A few limitations of the present study are noted. First, entropy was derived from rs-fMRI BOLD signals that are indirect, coarse-grained indicators of neuronal activity. Thus, interpretations of the results shall be in the context of imaging signal acquisition. Second, estimating entropy requires noise influence to be minimized. Our concern about the denoising issue, however, was mitigated because of the observation that the trend of reduction in information content scales with severity of DOC in MCS and UWS patients, which was unlikely led by noise. In addition, PCA performed in this study eliminated a portion of nuisance components, offering an additional procedure for signal denoising. Third, another possibility is that systematic changes in the physiological conditions (blood pressure, breathing and heart beat rates, etc.) across subjects in the three groups may produce artificial changes in BOLD fMRI signals (e.g., the amplitude and variance) that affect the analysis of entropy. Considering this possibility, we performed a voxelwise standardization of BOLD fMRI signals (normalizing to zero mean and unity standard deviation, i.e., z-score) before applying low-pass filtering. Therefore, the effects of alterations of physiological parameters on the obtained results should be minimal.

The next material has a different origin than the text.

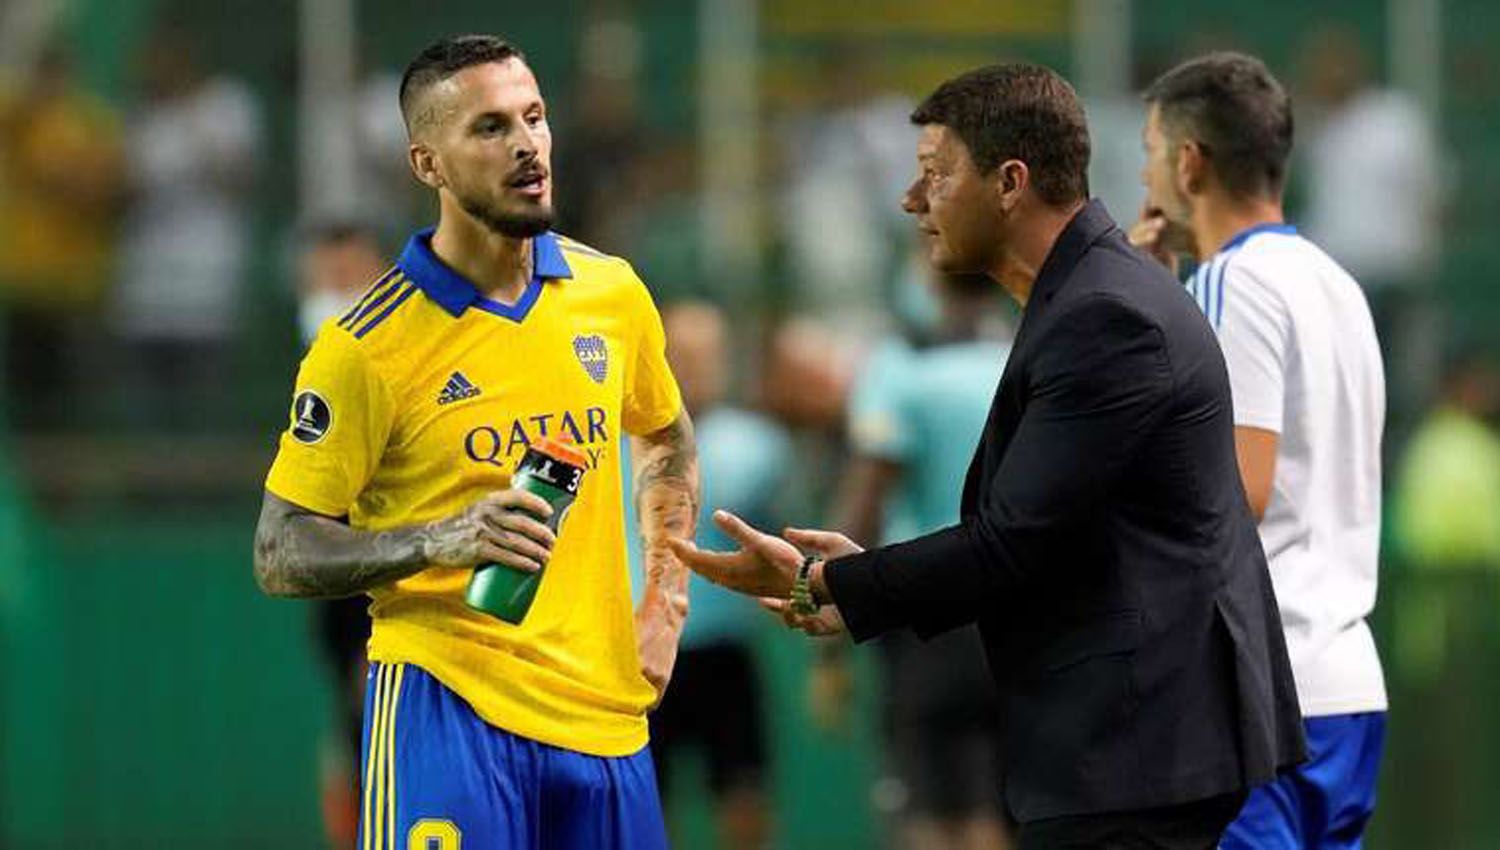 El director técnico y el ex jugador con mas copas en Boca dio unos comentarios que a los seguidores del club no les pareció muy gratos.

In summary, using a novel PCA-based approach to quantitatively assess the entropy carried by rs-fMRI signals across individual neuroanatomically defined brain regions, we show in the theoretical context that the diminished state of consciousness in MCS and UWS patients is associated with a reduction in information content in the brain compared with healthy individuals. Importantly, our findings reveal differential patterns of reduction in information content in the sensory and memory compared with cognitive systems in MCS and UWS patients, which are consistent with their respective clinical symptoms. Together, the findings suggest a systems-level mechanism in terms of the alteration of regional information content in the brain that may underlie consciousness disorders in MCS and UWS patients.